У меня голова шла кругом. Честно говоря, даже зная Папу, я не ожидал, что он отнесется к случившемуся с доктором до такой степени равнодушно. Да что там равнодушно! Просто наплевательски. Не знаю, чего я вообще от него ожидал — праведного ли гнева, стремительных ли действий или незамедлительной мести… Ничего не происходило. Машина продолжала работать, как хорошо отлаженный часовой механизм, и мои досужие версии и подозрения обнажились во всей беспомощности. До сих пор мне, наивному, почему-то казалось, что Папа обязан о нас заботиться. Он и заботился, но без особой рьяности. Я понимал, что история с доктором лишь эпизод в сложной и противоречивой борьбе за власть, но я никак не ожидал, что Папа допустит, чтобы нечто подобное произошло в его ближайшем окружении. Повторяю, в тот момент у меня даже было ощущение, что все это каким-то образом вписывалось в Папины планы, играло ему на руку.
— Ну что? — окликнул меня Папа.
Он по-прежнему лежал на диване, задрав ноги на спинку.

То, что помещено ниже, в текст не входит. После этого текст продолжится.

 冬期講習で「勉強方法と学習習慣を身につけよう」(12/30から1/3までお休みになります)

— Что ну? — пробормотал я, отвлекаясь от своих мыслей.
— У тебя, кажется, какие-то проблемы? — мягко поинтересовался он.
«Проблемы»! Вот опять — его словцо! До чего же характерное, даже какое-то ублюдочное словцо! Мы все, следом за Папой, стали употреблять его к месту и не к месту. Папа казался нам сверхчеловеком, в единоличной власти которого создавать проблемы и разбираться с оными. Под это определение одинаково подходили и разбитый подфарник, и отрезанные уши. У него у самого, конечно, не было и быть не могло никаких проблем, а на чужие он смотрел с явным отвращением — как будто люди, у которых вообще возникают проблемы, были прежде всего проблемой для самих себя. Мол, с какой стати мне давить ваших тараканов, а главное, ощущать, как они при этом трещат? Давите их сами!.. Но, надо отдать ему должное, до сих пор все-таки он снисходил. И периодически решал наши проблемы.

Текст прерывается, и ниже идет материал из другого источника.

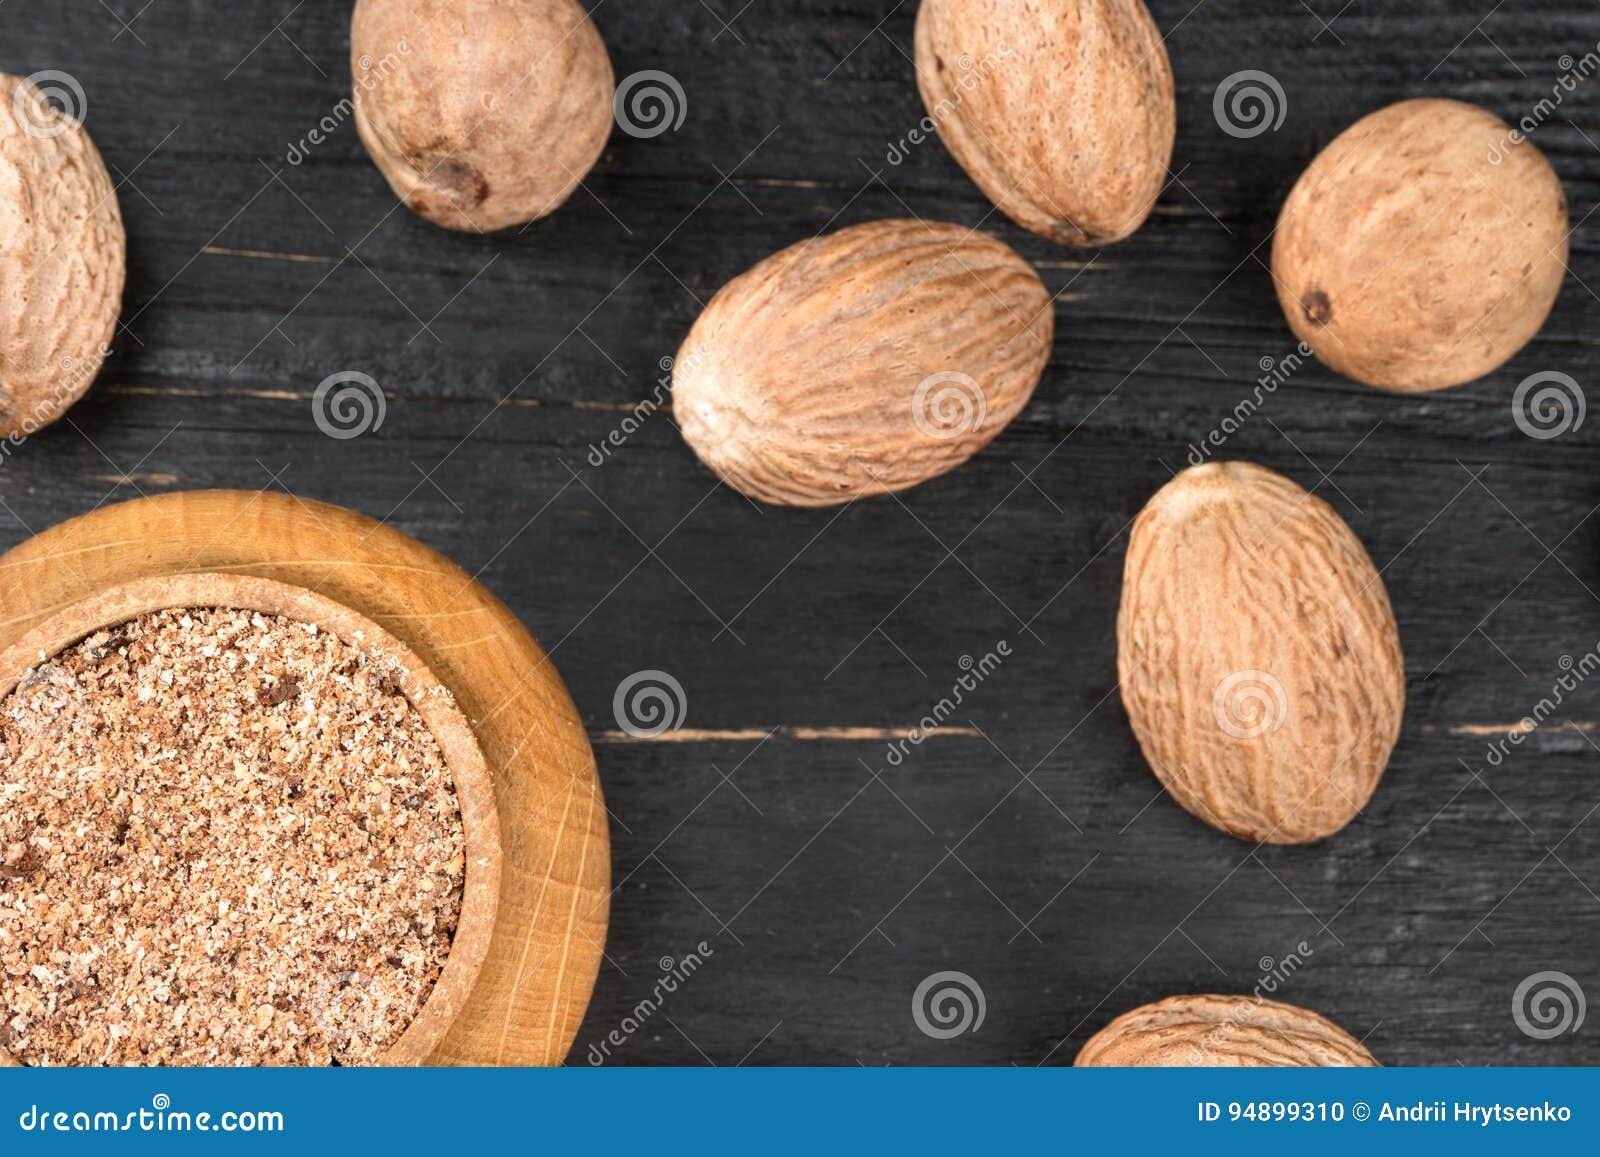 Jar with nutmeg powder

— Странно, — продолжал Папа, пристально глядя на меня. — такое впечатление, что ты чем-то не доволен. Мне всегда казалось, что ты должен быть всем доволен, Серж. В чем дело? Разве ты уже не счастливый человек? Как насчет ощущения счастья?
Я вздрогнул. Не такой уж он недалекий и невнимательный! Как цепко он выхватил самое значимое! Как неожиданно припомнил то, что, на мой взгляд, вообще не был способен воспринимать! И какой неожиданной мукой отозвались эти слова в моей душе! Почему он именно сейчас их припомнил?.. Неужели благодаря общению с изумрудноглазой девушкой Альгой он приобрел такую чувствительность и проницательность?
Свою большую тайну я всегда хранил глубоко в себе. Только однажды это прорвалось у меня. Очень давно. Еще не было ни «первого случая» в разгар лета, ни мыслей о «прощальной улыбке». Мы собрались на обширнейшем банкете, заданном столичными управителями по случаю введения в эксплуатацию первой очереди градостроительного комплекса, еще даже не окрещенного Москвой. До этого я находился словно в тумане, ничего не видел, кроме своих чертежей, макетов и расчетов. В тот день сам патриарх освятил, покропил святой водой новые корпуса небоскребов, а о. Алексей освятил нашу домовую церковь. Кое — где оставались строительные леса, повсюду торчали великаны строительные краны, — однако к празднику все было изобретательно задекорировано дизайнерами, расцвечено затейливой иллюминацией. Нас провезли на машинах вокруг нового комплекса, который, несмотря на то, что была возведена лишь первая его очередь, уже приобрел свои характерные очертания, и ощущение его устремленности к небу, светлого, свободного парения над землей возникало с первого же взгляда. Я, наконец, ощутил реальность происходящего, и теперь меня распирало от законной гордости. Если до сих пор находились скептики, критиковавшие мою идею, то теперь все пришли в единодушный восторг и уже не сомневались, что именно таким и должен быть град престольный.
Восторг восторгом, но не это было главным. Главное то, что отныне все вопросы относительно финансирования проекта, как в части государственных дотаций, так и по части вливаний от крупнейших корпораций, были сняты раз и навсегда. Никто и ничто не могло остановить великого строительства. Более того, среди финансовых тузов не осталось ни одного, кто бы всячески, хотя бы и вслед уходящему поезду, не стремился войти в долю, урвать в проекте свое местечко. Не говоря уж о разной мелкоте. Но все рычаги теперь были у Папы… Все это я прекрасно понимал.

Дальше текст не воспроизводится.